6.- ¿Puede hacerse el virus “resistente” a las vacunas?

Las dos vacunas aprobadas por la FDA y/o la EMA están basadas en la inmunización contra la proteína S del virus, aunque éste contiene también otras proteínas estructurales. Hay que tener presente que los virus mutan, ya que es su mecanismo natural para evolucionar. Hasta la fecha se han documentado múltiples mutaciones en el genoma del SARS-CoV-2, y algunas de ellas podrían provocar cambios en las proteínas de su estructura.

Aunque la proteína S parece no presentar una tasa de mutación mayor que el resto del genoma, no es posible prever cómo va a evolucionar el virus una vez iniciada la vacunación masiva.
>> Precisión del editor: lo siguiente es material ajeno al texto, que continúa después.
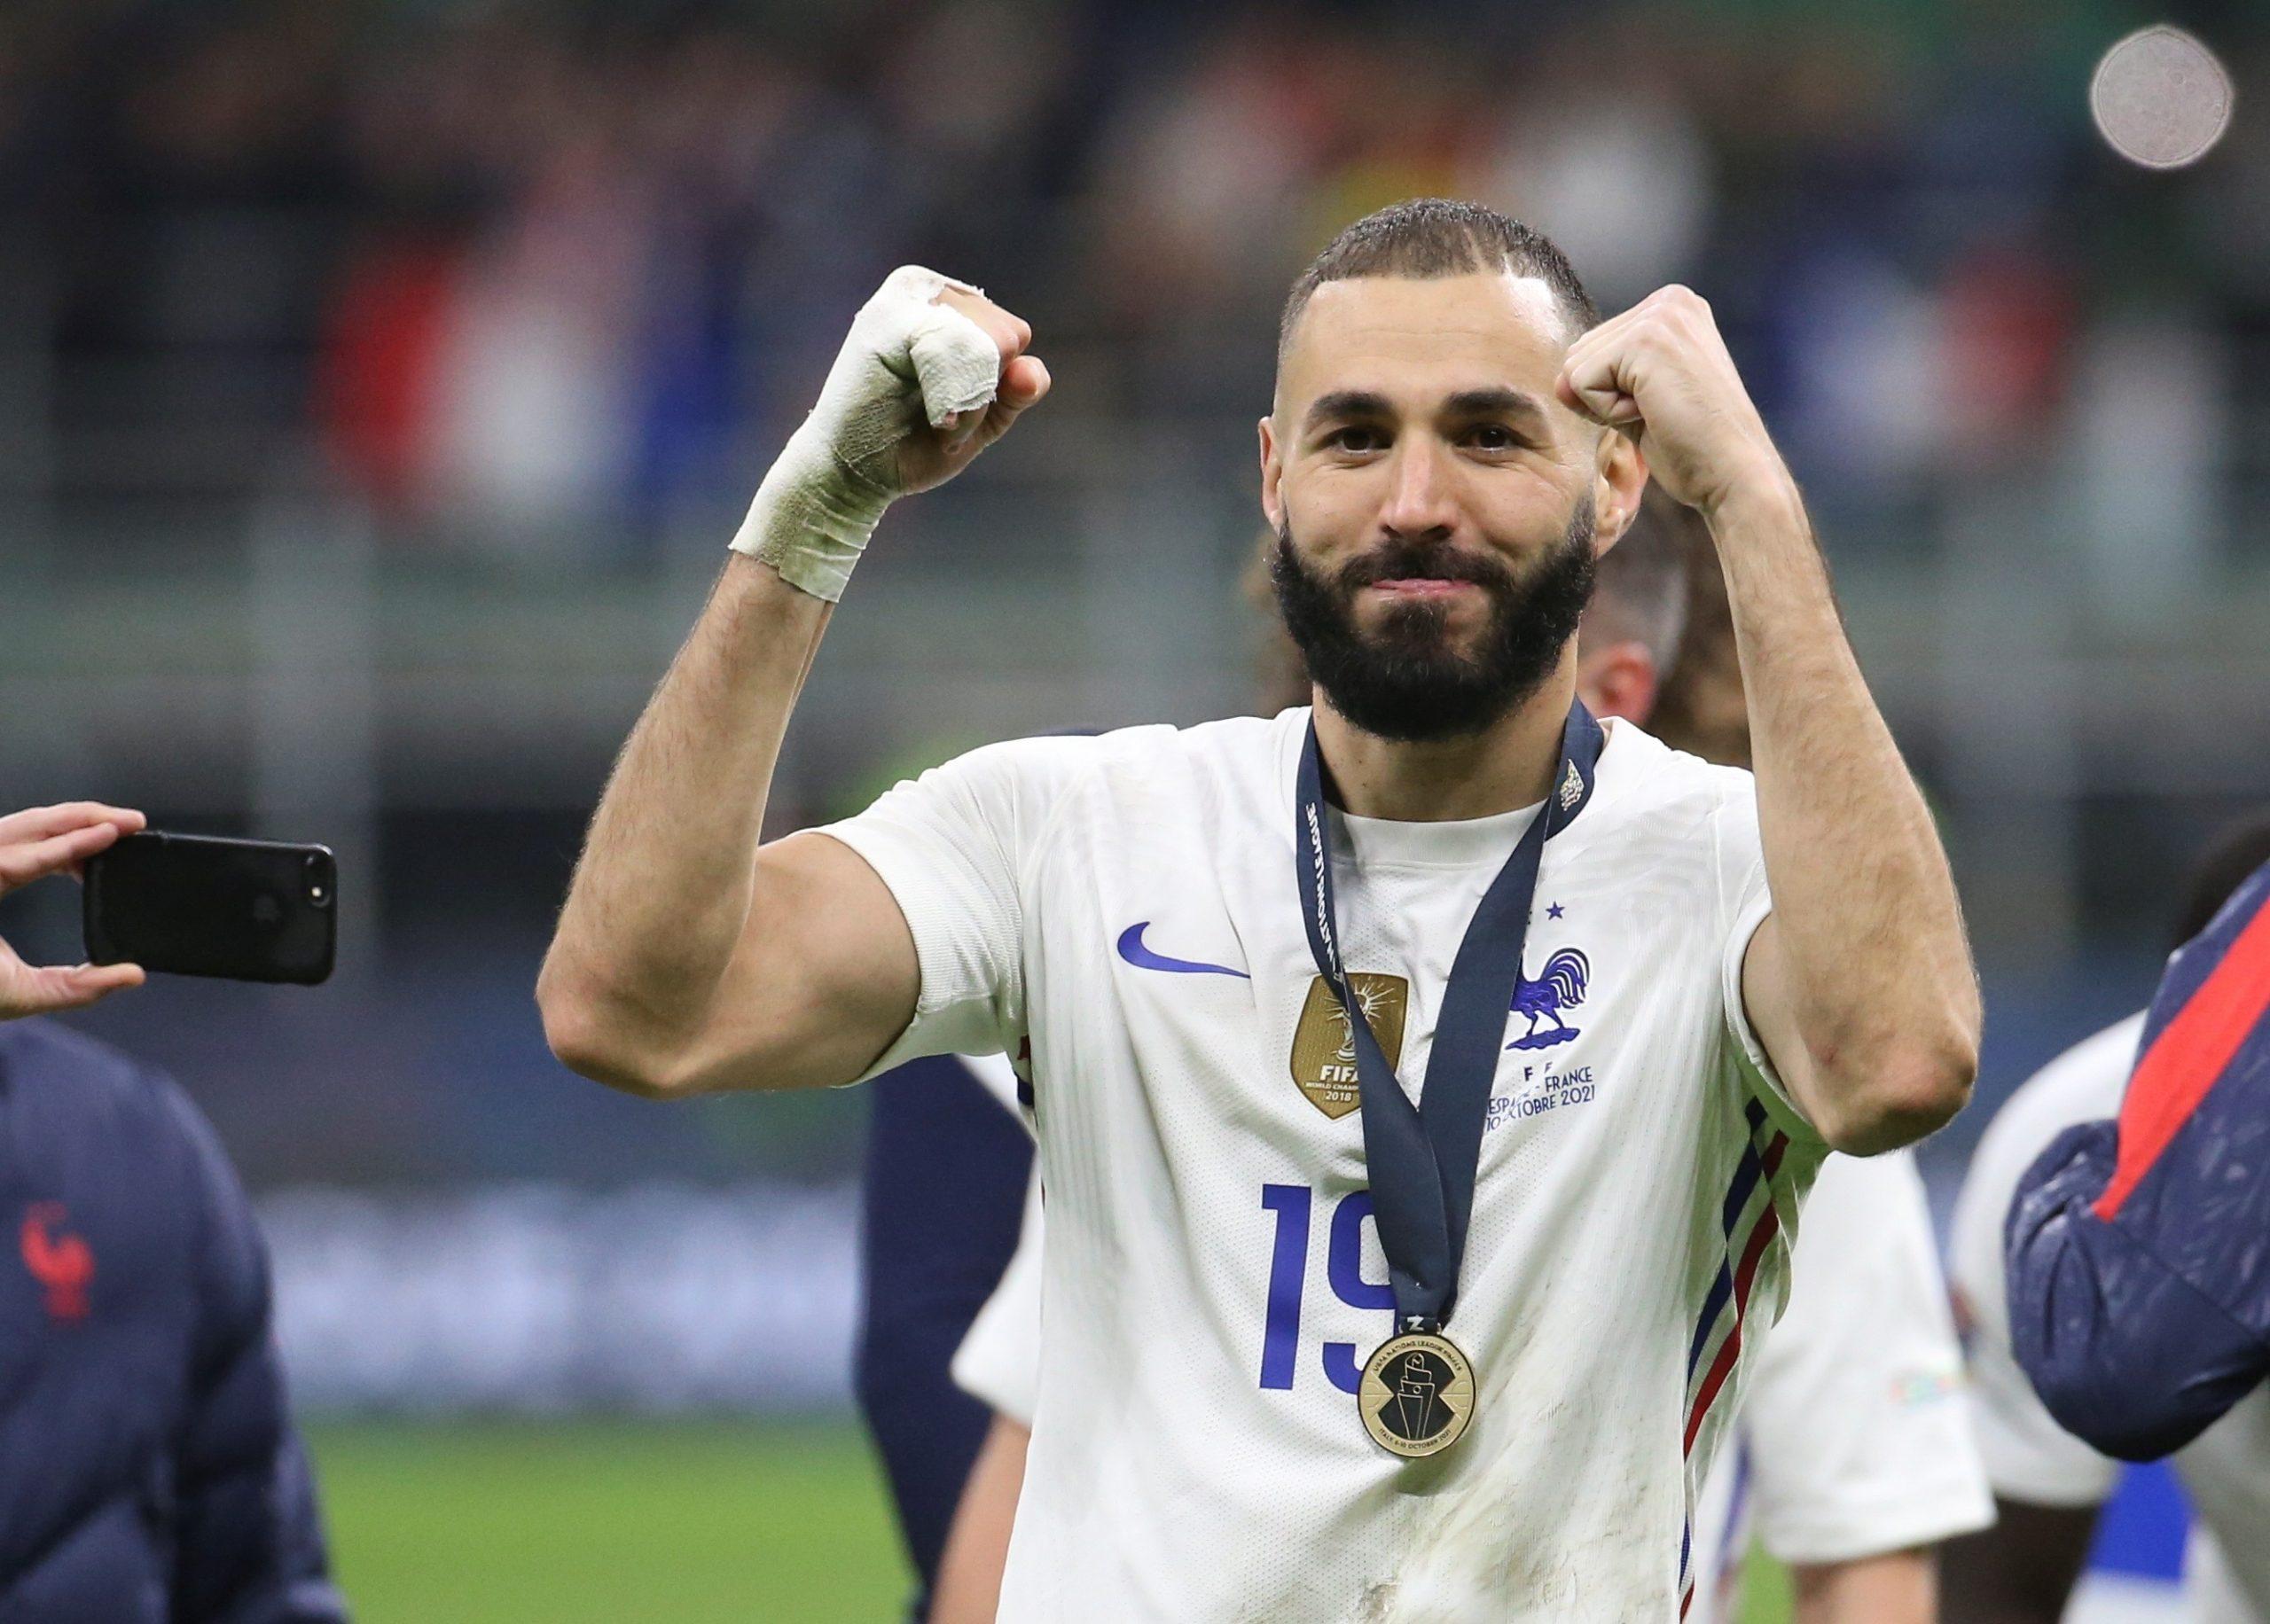 """Este equipo nunca se rinde"", dice Benzema de Francia - Prensa Libre"

En caso de acumularse varias mutaciones en la proteína S, las vacunas podrían ver reducida su efectividad. Si así fuera, existe la posibilidad de reformular los preparados vacunales con la información correspondiente al nuevo virus, del mismo modo que se realiza para la vacuna de la gripe estacional.
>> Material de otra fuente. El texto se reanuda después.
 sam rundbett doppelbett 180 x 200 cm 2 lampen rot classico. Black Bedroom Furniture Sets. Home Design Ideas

7.- ¿Es posible obtener vacunas frente a cualquier enfermedad infecciosa?

No, la disponibilidad y el desarrollo de vacunas encuentra a veces limitaciones debido entre otras causas al agente patógeno. Así la variabilidad y los cambios que experimenta el microorganismo puede evitar el éxito del desarrollo de una vacuna eficaz. En el caso del SARS-CoV-2 tenemos la ventaja de que es un virus con una frecuencia de mutación no demasiado alta si lo comparamos con los virus de la gripe o el VIH, por ejemplo. Este es el motivo por el que la vacuna contra la gripe tenga que ser renovada año tras año. También es el motivo por el que tras 40 años de convivencia con el VIH no tengamos una vacuna efectiva contra este virus. En el contexto de la COVID-19, la ciencia ha realizado un progreso sin precedentes para desarrollar vacunas eficaces en menos de un año.

8.- ¿Cómo ha sido posible construir las vacunas tan rápidamente?

El desarrollo científico y tecnológico actual, además de la situación de catástrofe sanitaria global, ha posibilitado que, en el año 2020, la Comunidad Científica, Económica y Política, hayan sido capaces de aunar esfuerzos en la lucha contra la pandemia COVID-19, siendo la búsqueda de la prevención mediante vacunación una prioridad. Así, si para poner a punto una vacuna preventiva son necesarios al menos 10-15 años de desarrollo, en el caso de las vacunas frente a COVID-19, los procedimientos y las fases de los ensayos clínicos y producción de las vacunas se han acelerado de la siguiente manera.

Por un lado, la fase preclínica, que es donde se investigan los posibles candidatos a vacuna en el laboratorio, se ha reducido significativamente gracias al conocimiento previo de otros coronavirus, como el SARS-CoV-1 (2003) y el MERS-CoV (2012). La secuenciación en tiempo récord del genoma del SARS-CoV-2 y la comprobación de que, igual que con los anteriores coronavirus, la proteína S jugaba un papel fundamental, permitieron perfilar dicha proteína como la diana de un posible candidato a vacuna.

La proteína S es una proteína relativamente grande, abundante en la superficie del virus, y es la llave de entrada a las células humanas. Por lo tanto, es de esperar que el bloqueo de dicha proteína mediante anticuerpos neutralizantes resulte en una respuesta inmunológica efectiva.

Por otro lado, las tecnologías de vacunas basadas en ARNm ya habían sido desarrolladas previamente como estrategias vacunales frente al cáncer, lo que ha permitido el “reciclaje” y readaptación de desarrollos tecnológicos ya existentes.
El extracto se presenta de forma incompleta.